SiteProfile and RelicLoadout keep input compact. ResonanceResult keeps output compact. That prevents the resolver signature from bloating as the system expands.

File Boundaries

File Minimum responsibility
SitePressure site-pressure enum
RelicTendency, BuildPosture, CivilizationLean player-input enums
ResonanceState result-state enum
SiteProfile site input object
RelicLoadout player input object
ResonanceResult compact output object
ResonanceResolver single evaluation entry point

Pure Evaluation Constraints

ResonanceResolver.resolve(site, loadout) should remain a pure function.

java
public final class ResonanceResolver {
    private ResonanceResolver() {
    }

    public static ResonanceResult resolve(SiteProfile site, RelicLoadout loadout) {
        if (site.pressure() == SitePressure.CONTAMINATION
                && loadout.tendency() == RelicTendency.FILTER) {
            return new ResonanceResult(ResonanceState.TUNED, "contamination.cleanse");
        }

        if (site.pressure() == SitePressure.CONTAMINATION
                && loadout.tendency() == RelicTendency.SUNDER
                && loadout.posture() == BuildPosture.BREACH) {
            return new ResonanceResult(ResonanceState.OVERLOADED, "contamination.burst");
        }

        return new ResonanceResult(ResonanceState.DORMANT, "generic.idle");
    }
}

Keeping it pure gives us three concrete benefits:

  1. unit tests can cover it directly,
  2. runtime, recovery, and tooltip all read the same result,
  3. the client does not need a private copy of resonance logic.

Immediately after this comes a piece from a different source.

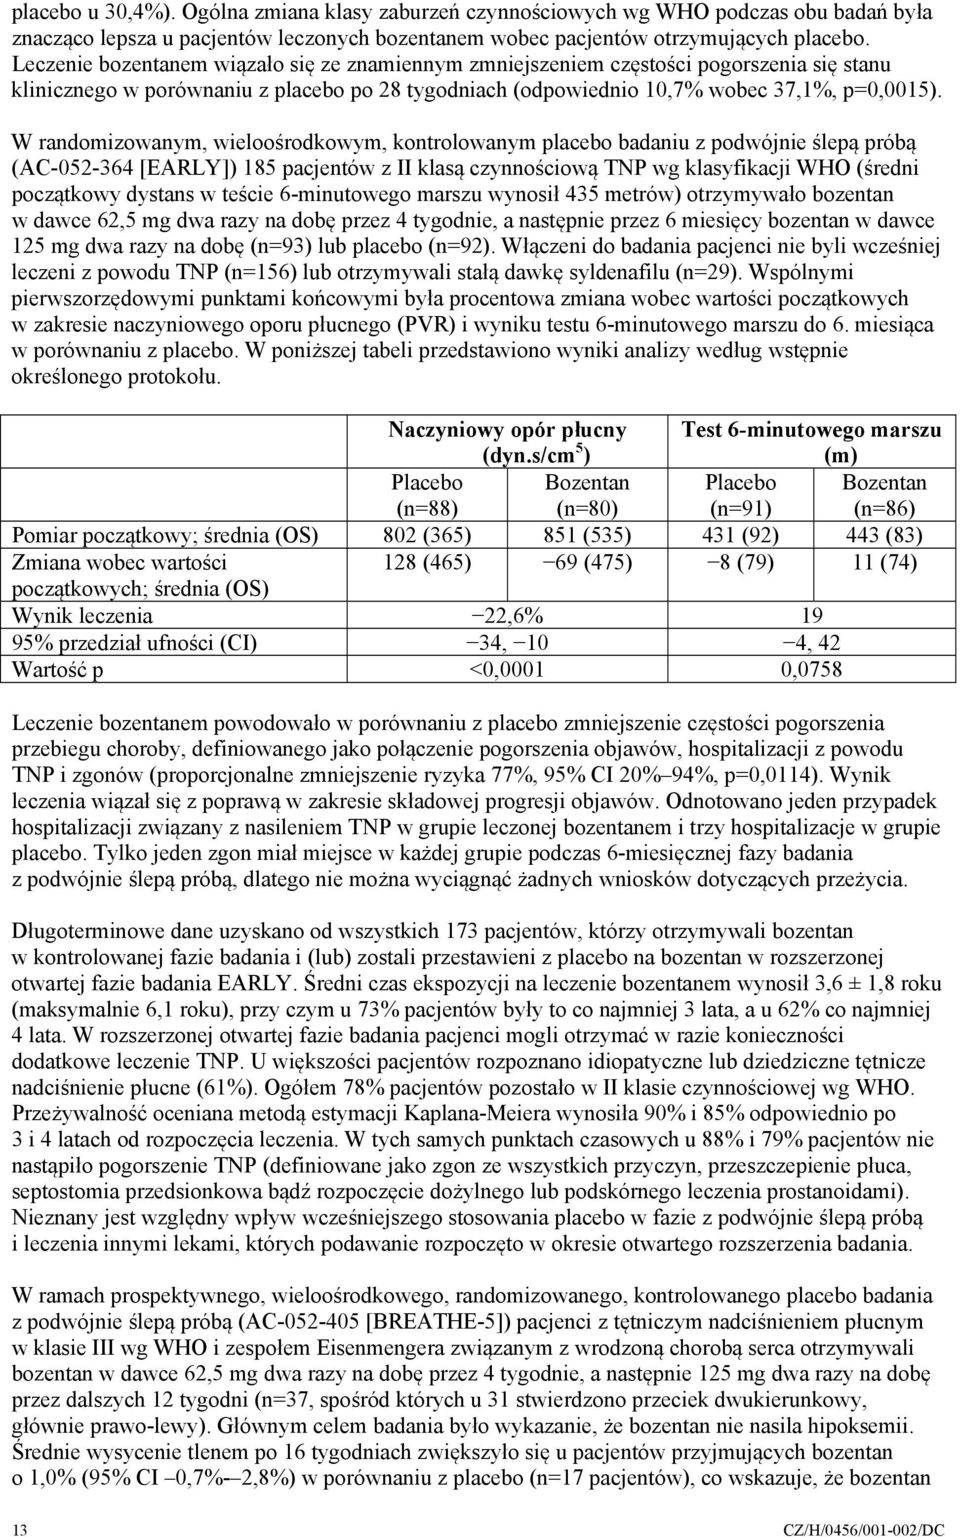 W randomizowanym, wieloośrodkowym, kontrolowanym placebo badaniu z podwójnie ślepą próbą (AC-052-364 [EARLY]) 185 pacjentów z II klasą czynnościową TNP wg klasyfikacji WHO (średni początkowy dystans

Downstream Consumption Order

The implementation order stays fixed:

  1. activation or site startup computes ResonanceResult,
  2. ActiveSiteRuntime reads the result and applies site consequences,
  3. recovery writes state and patternKey into RecoveredRelicSnapshot,
  4. RelicTooltipView only reads the snapshot and optional long-term knowledge.

In this sequence, only runtime and recovery may interpret the result. Tooltip only formats it.

Minimum Test Matrix

Site profile Loadout Expected result
CONTAMINATION FILTER + STABILIZE + MECHANICAL + 0 TUNED + contamination.cleanse
CONTAMINATION SUNDER + BREACH + ARCANE + 1 OVERLOADED + contamination.burst
fallback any unsupported combination DORMANT + generic.idle
tooltip with player == null saved snapshot still renders minimum text

Implementation Red Lines

  1. do not serialize live runtime objects directly into relics,
  2. do not let tooltip recalculate resonance,
  3. do not let the resolver read players, worlds, or the runtime registry,
  4. do not make patternKey a temporary string that only one UI page understands.